**Record extracts**.
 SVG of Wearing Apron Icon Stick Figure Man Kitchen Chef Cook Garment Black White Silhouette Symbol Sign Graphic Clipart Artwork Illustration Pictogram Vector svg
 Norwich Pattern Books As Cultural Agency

==

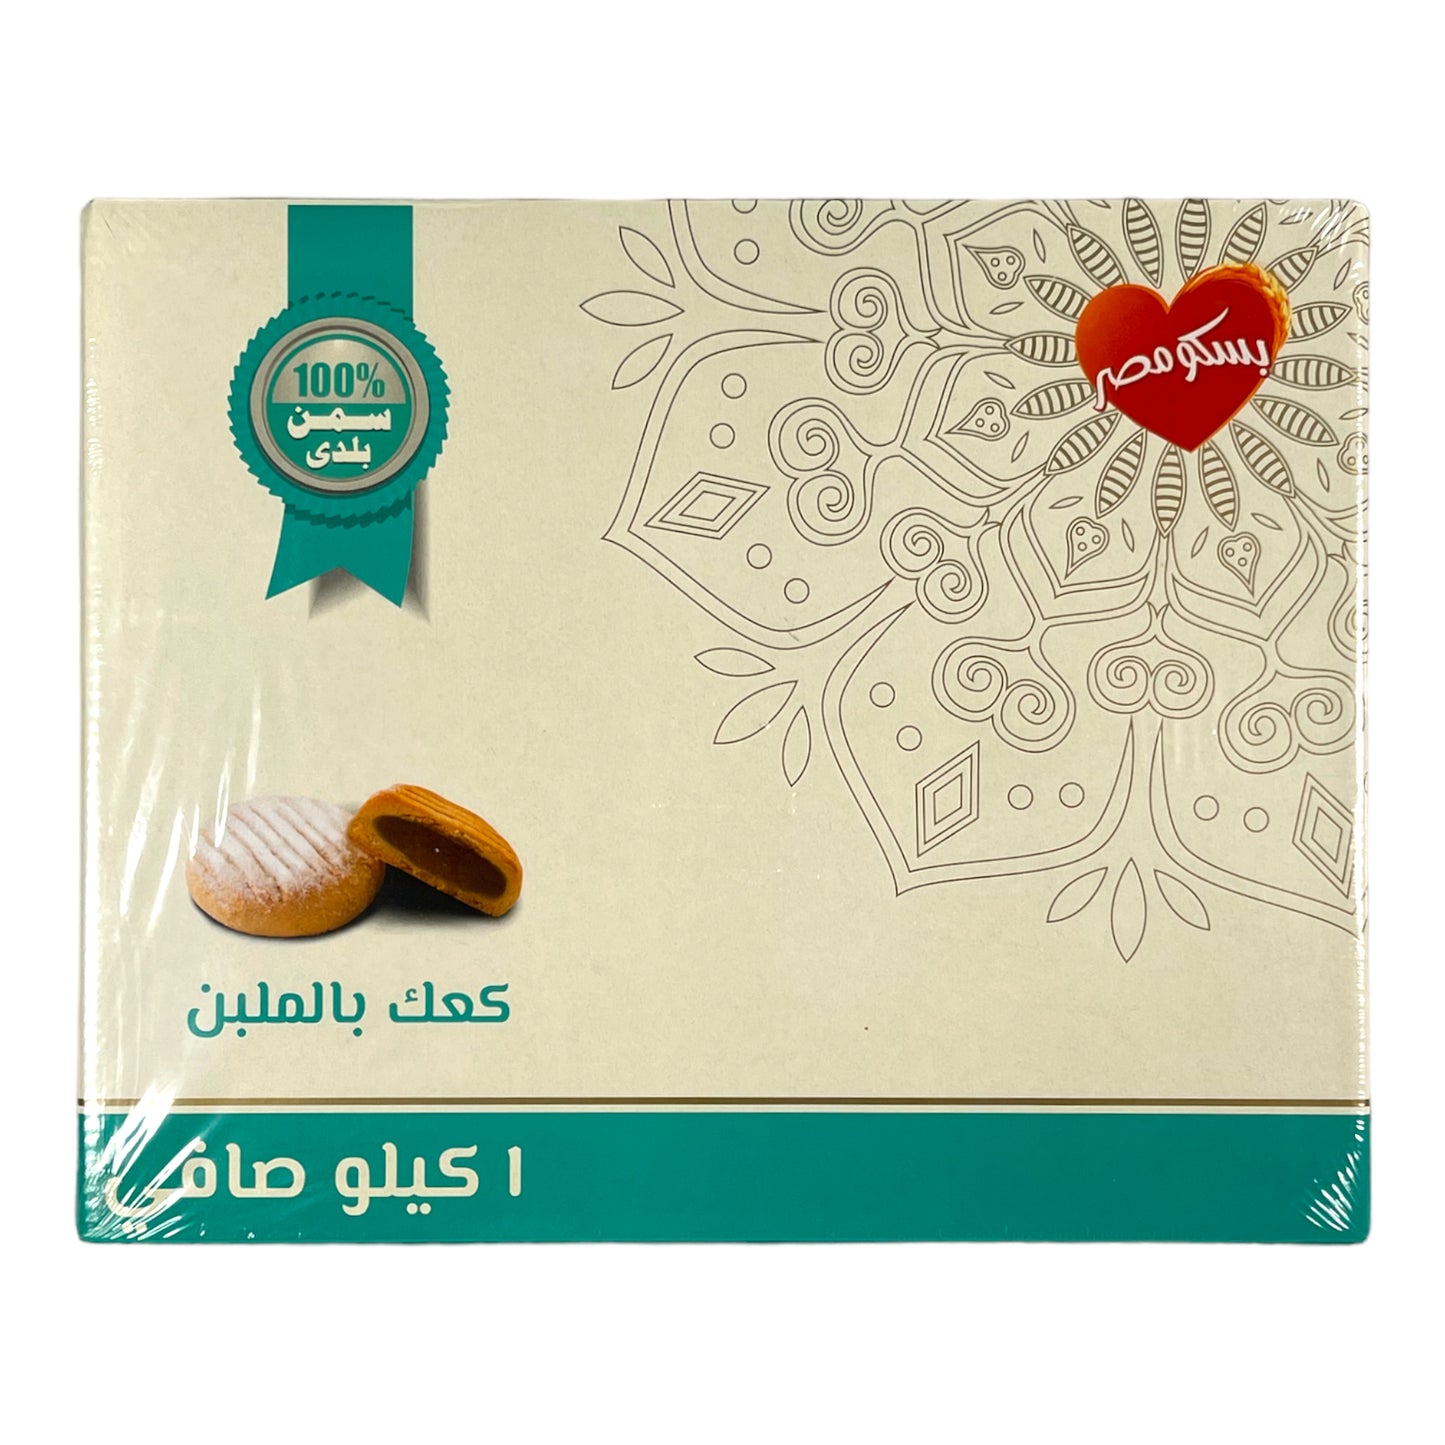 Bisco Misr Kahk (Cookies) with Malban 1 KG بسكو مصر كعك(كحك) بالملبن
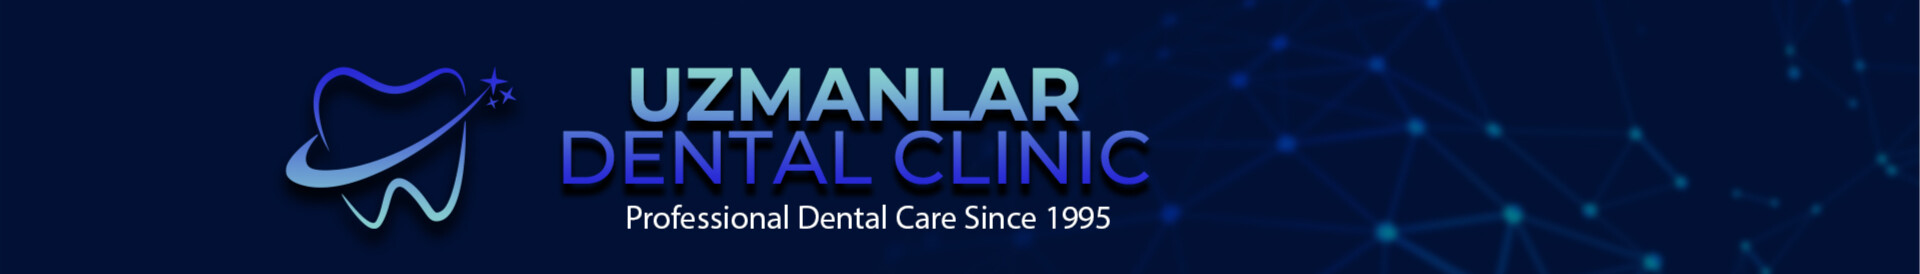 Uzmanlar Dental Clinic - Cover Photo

**Task to complete**.
The listing above holds a line with "SVG of Wearing" and a line with "Norwich Pattern Books As Cultural Agency". Print the stretch from the first through the second, exactly and alone.

**Response to this task**.
 SVG of Wearing Apron Icon Stick Figure Man Kitchen Chef Cook Garment Black White Silhouette Symbol Sign Graphic Clipart Artwork Illustration Pictogram Vector svg
 Norwich Pattern Books As Cultural Agency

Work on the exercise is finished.